Имей я хвост и когти, человек
Бесхвостый был бы господин, а так
Пусть обезьяны хвост себе стригут
И прикрывают лядвия себе, –
Я же, подобный льву, не изменю
Того, что сотворил со мной Господь…
Все меблируют логова свои –
А я соломе свежей буду рад.
«Апология епископа Блуграма»
Никто не разбудил меня до десяти часов прекрасного летнего утра, когда ко мне вошел Джок – с чаем и канарейкой, распевавшей до самозабвения, как с ней это обычно и бывает. Я пожелал доброго утра обоим: Джок предпочитает, чтобы я приветствовал канарейку, а настолько мелкая услуга ничего не стоит.
– Ах, – добавил я, – старое доброе успокоительное, «улун» или «лапсанг»!
– Э?
– Принеси-ка мне трость, мои наижелтейшие туфли и старый зеленый «хомбург», – не отпускал цитату я. – Ибо я отправляюсь в Парк кружиться в буколических танцах.
– Э?
– О, не обращай внимания, Джок. Это во мне говорит Бертрам Вустер.
– Как скажьте, мистер Чарли.
Мне часто мнится, что Джоку стоит заняться сквошем. Из него выйдет отличная стена.
– Ты отогнал «эм-джи-би», Джок?
– Ну.
– Хорошо. Все в порядке? – Разумеется, глупый вопрос и, разумеется, я немедленно за него поплатился.

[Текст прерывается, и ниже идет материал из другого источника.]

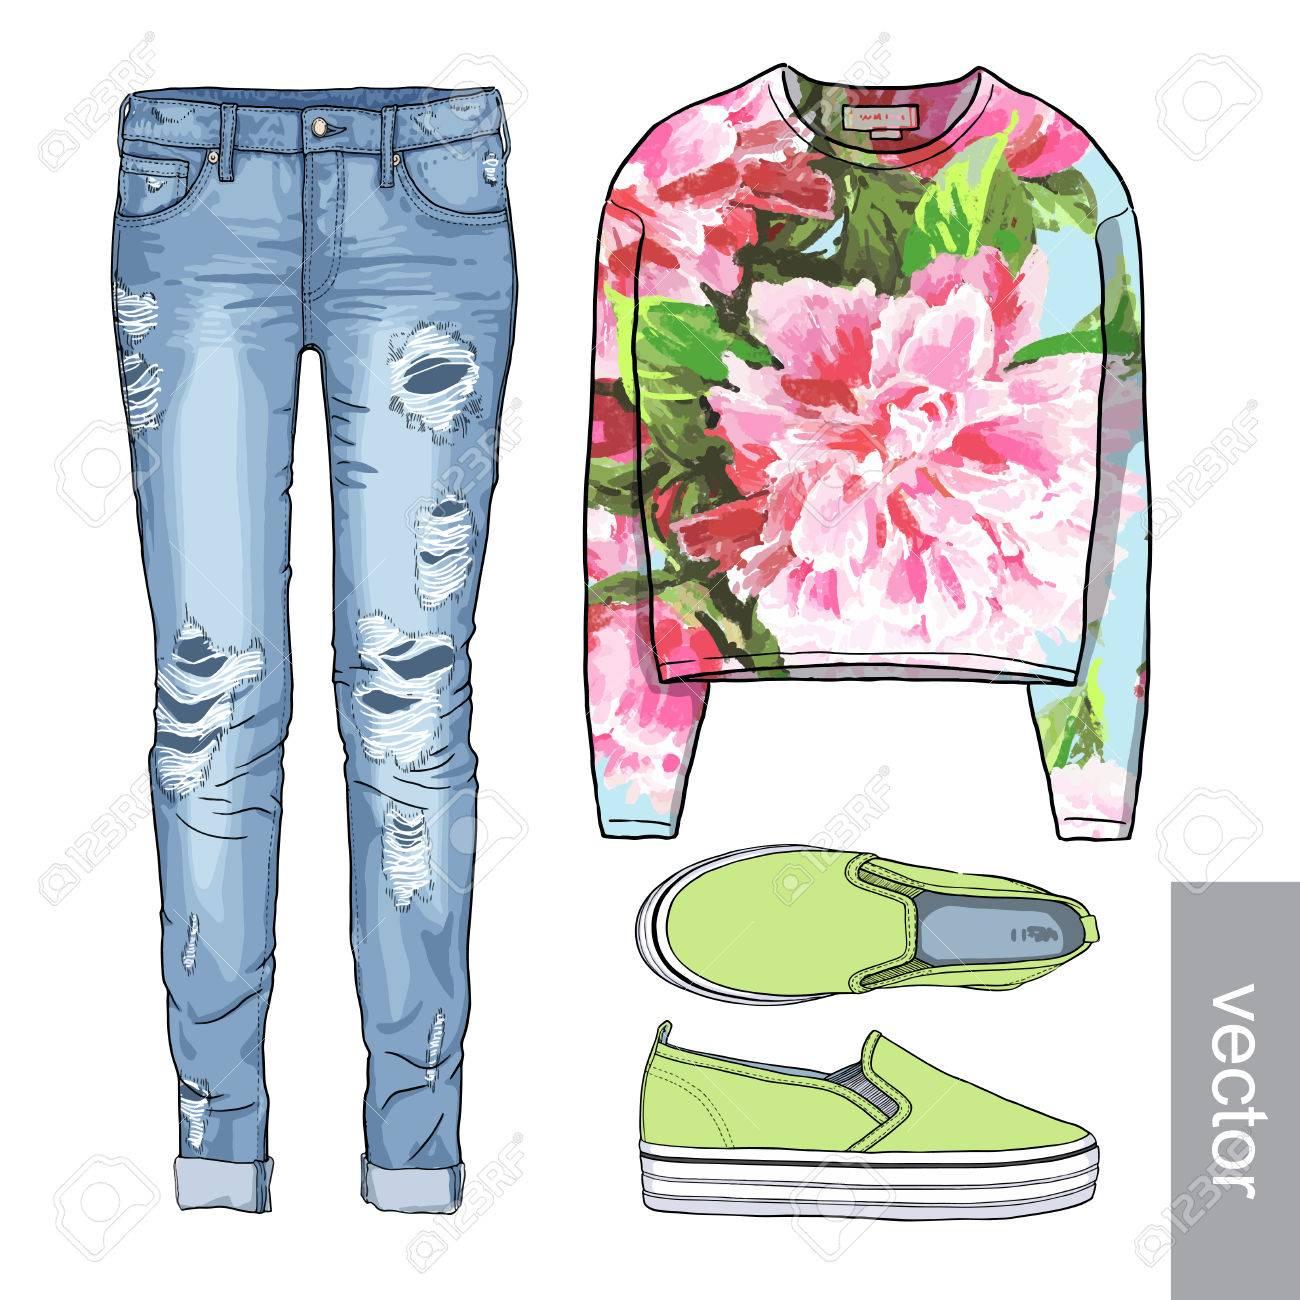 baf51306f Dama de la moda conjunto de la primavera, traje de la temporada de  invierno. Ilustración estilo y de moda de ropa. Denim, slip-on, los  pantalones ...

– Ну. Только, э-э… самь-знайте-что никак не влезала под обивку, пришлось по краям немного подрезать, ну, самь понимайте.
– Ты подрезал сам ты что не может быть Джок…
– Ладно, мистер Чарли, это шутка у меня была такая.
– Так, хорошо, Джок. Велли-коллепно. Мистер Спиноза что-нибудь сказал?
– Ну. Неприличное слово.
– Н-да, я так и думал.
– Ну.
Я приступил к своему каждодневному «шреклихькяйт» вставания. С периодической помощью Джока я осмотрительно отрывался от душа в пользу бритвы, от декседрина в пользу невыносимого выбора галстука; и в безопасности прибыл сорок минут спустя к самым рубежам завтрака – единственного заслуживающего такого названия, завтрака «шмино»: огромной чаше кофе, изукрашенной кружевом, фестонами и филигранью рома. Я проснулся. Меня не тошнило. Сонная улитка всползла на терн – хотя бы так.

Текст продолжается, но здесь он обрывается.